А, ок. А то я так понял что это обязательное условие. Извините за панику

пока сервер один. и мне кажется, это отнюдь не большинство случаев.

да почему? сделац всем прокидку веллноун в одну папку и трай файлс

да почему? сделац всем прокидку веллноун в одну папку и трай файлс

ну да, но это надо заводить отдельный сервер с вебрутом, проксировать .well-known с фронтов на этот сервер и с него потом деплоить сертификат на фронты внешними от сертбота способами.

с днс походу еще геморнее

с днс походу еще геморнее

нет

ну да, но это надо заводить отдельный сервер с вебрутом, проксировать .well-known с фронтов на этот сервер и с него потом деплоить сертификат на фронты внешними от сертбота способами.

а, если ты по сервера в плане нод, то вообще не вижу проблемы - ансиблом бегаешь и ладно

ну да, но это надо заводить отдельный сервер с вебрутом, проксировать .well-known с фронтов на этот сервер и с него потом деплоить сертификат на фронты внешними от сертбота способами.

Можно попробовать сделать на уровне http реврайт, если сервера не нагруженные

ну то есть если у вас нет возможности в пару команд внести запись в DNS - то да, геморнее.

Можно попробовать сделать на уровне http реврайт, если сервера не нагруженные

сертбот ходит по 30х-редиректам?

Интернал реврайт же

Интернал реврайт же

что? вы не знаете на какой из 50 серверов придет запрос от сертбота.

у меня днс на яндексе

у меня днс на яндексе

у днс на яндексе есть очень удобное апи.

ну атк надо писать к ней скрипт )

ну атк надо писать к ней скрипт )

вот блин!

не проблема

просто это надо делать

а решение с шелом дает получить серт прям сейчас

вот в чем затык

Кстати, а яндекс.днс можно делегировать левым чувакам?

через апи )

Кстати, а яндекс.днс можно делегировать левым чувакам?
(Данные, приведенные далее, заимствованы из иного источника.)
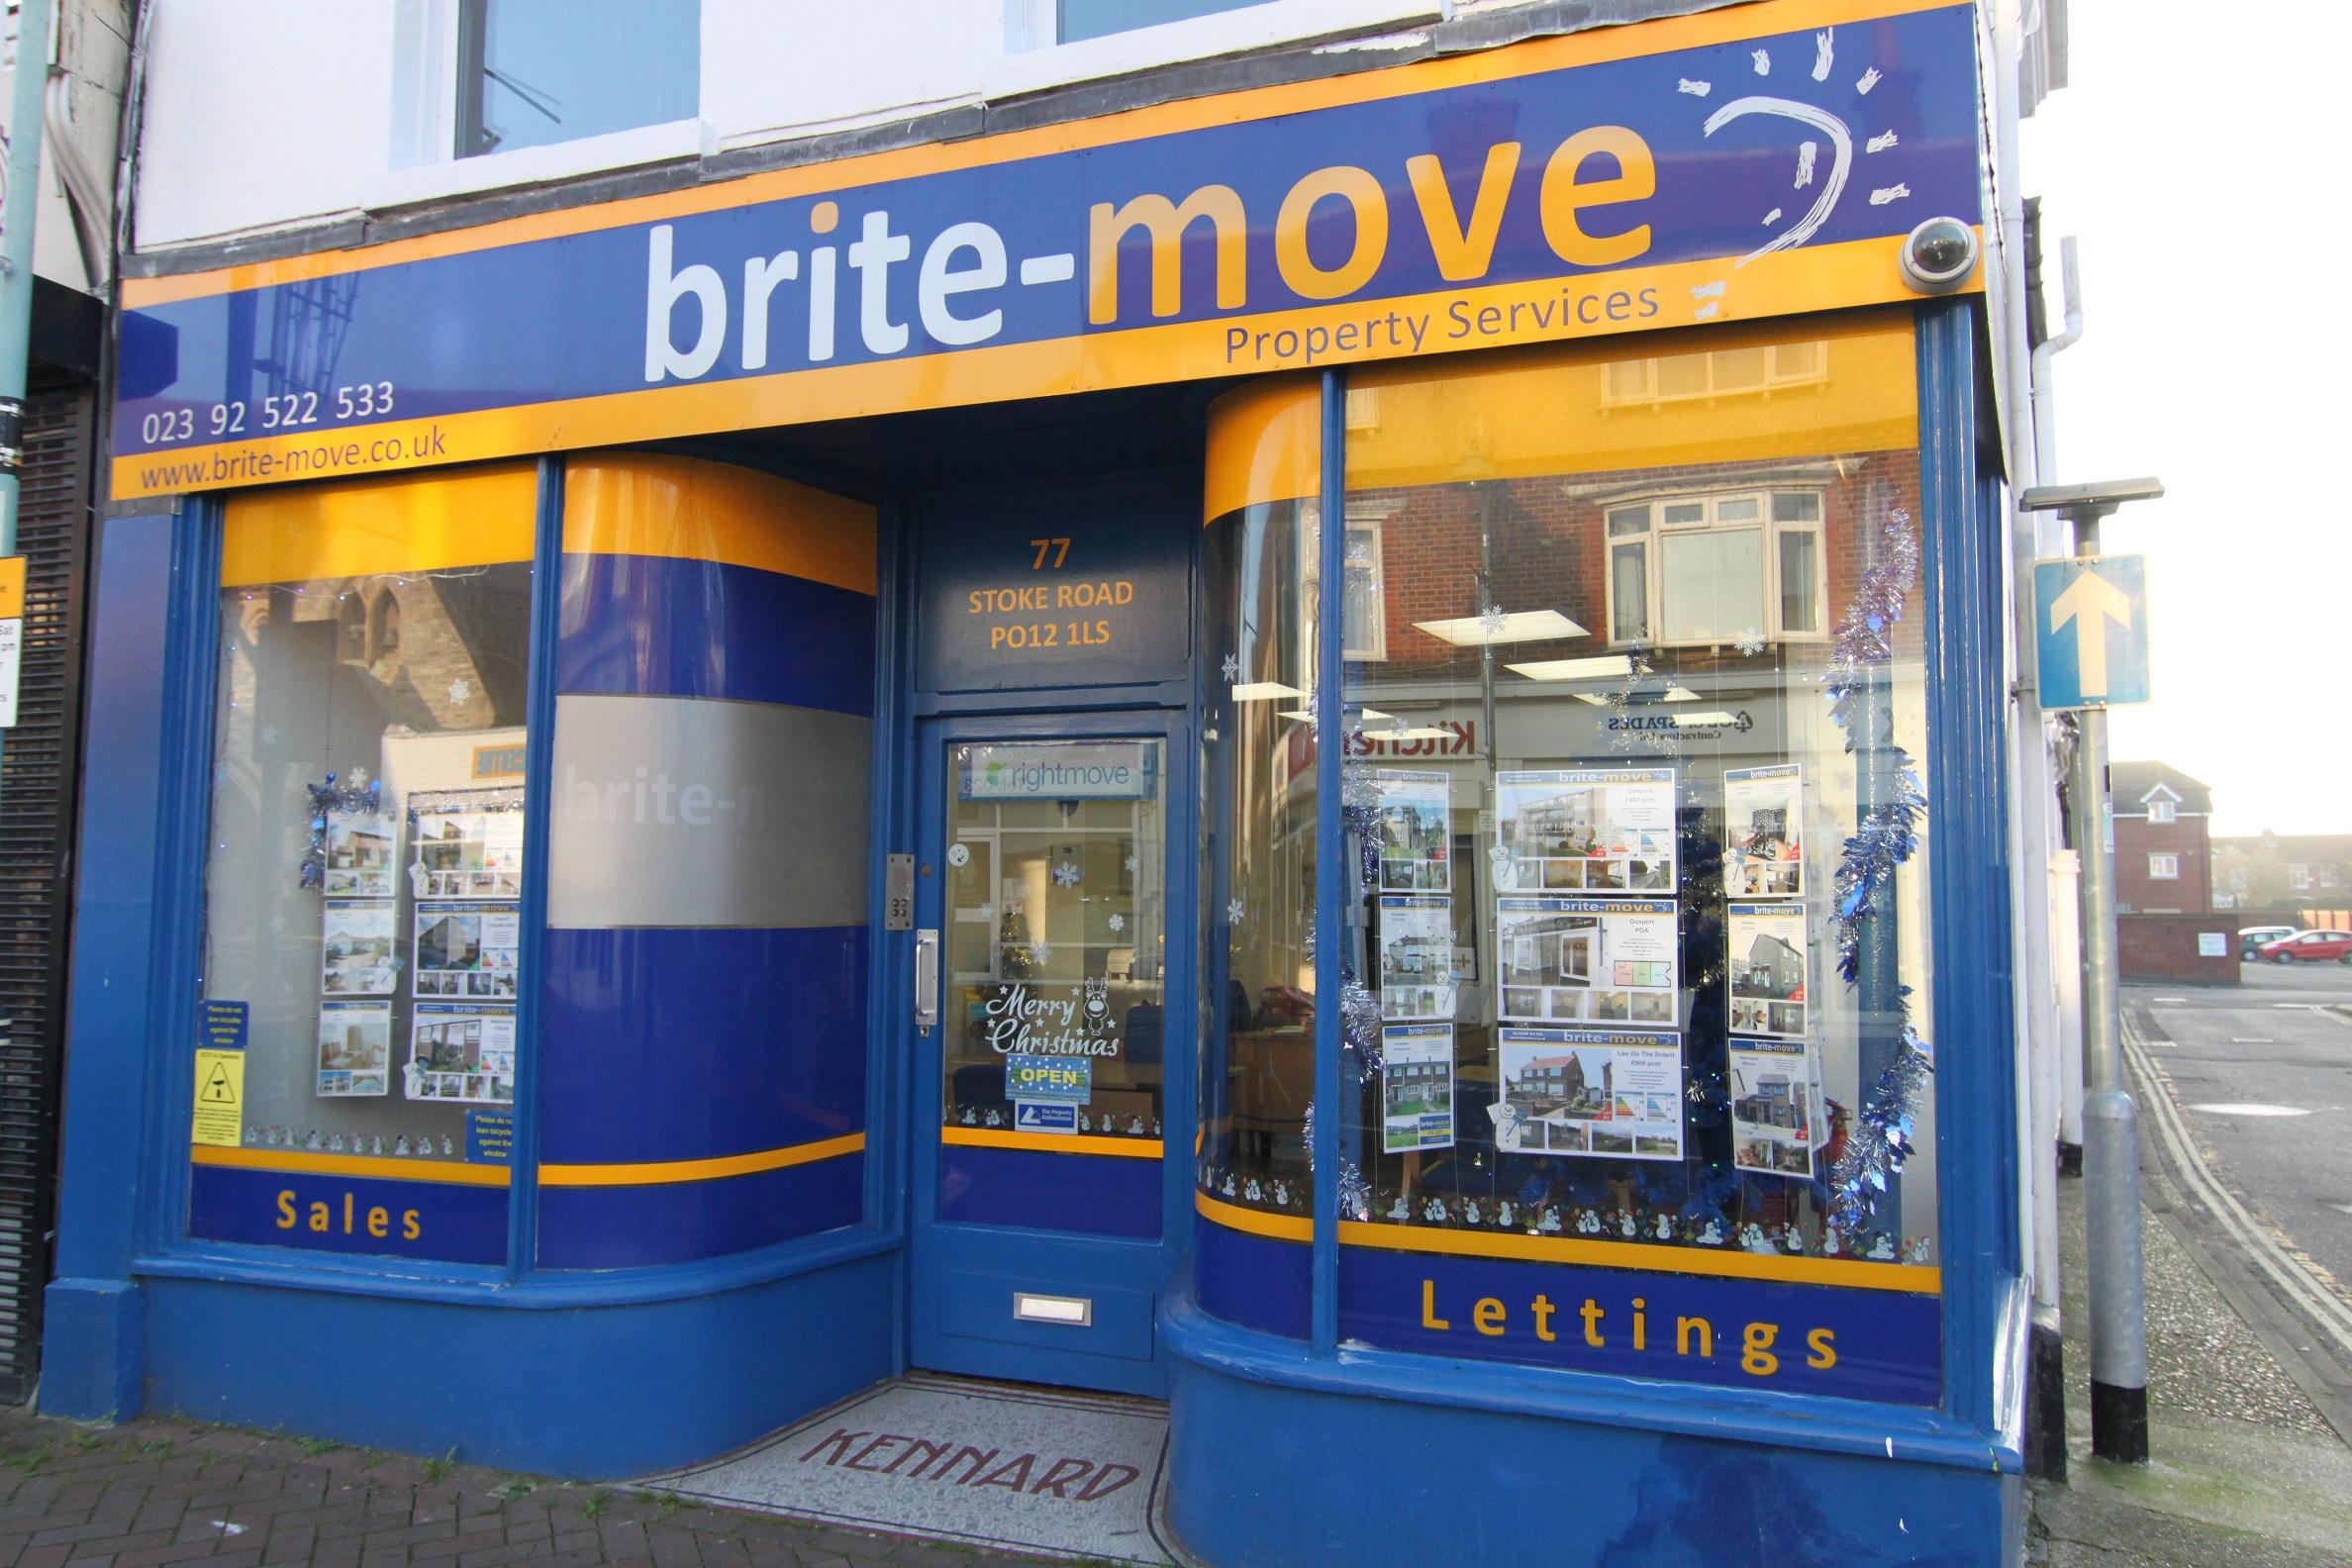 brite-move

выдать доступ кому-то левому к какой-то зоне?

выдать доступ кому-то левому к какой-то зоне?

да хоть ко всем моим. но только днс, а не весь сервис

там можно ключи доступа к днс-апи выдавать

но кажется это зааффектит весь ПДД

там можно ключи доступа к днс-апи выдавать

только к днс без почты?

воот

напишите интерфейс с апишкой и выдавайте досутпы к доменам

и делегируйте кому хотите

что? вы не знаете на какой из 50 серверов придет запрос от сертбота.

Да, забыл я как нгинкс работает. В каждой сервер добавить локейшн для таких файлов не вариант?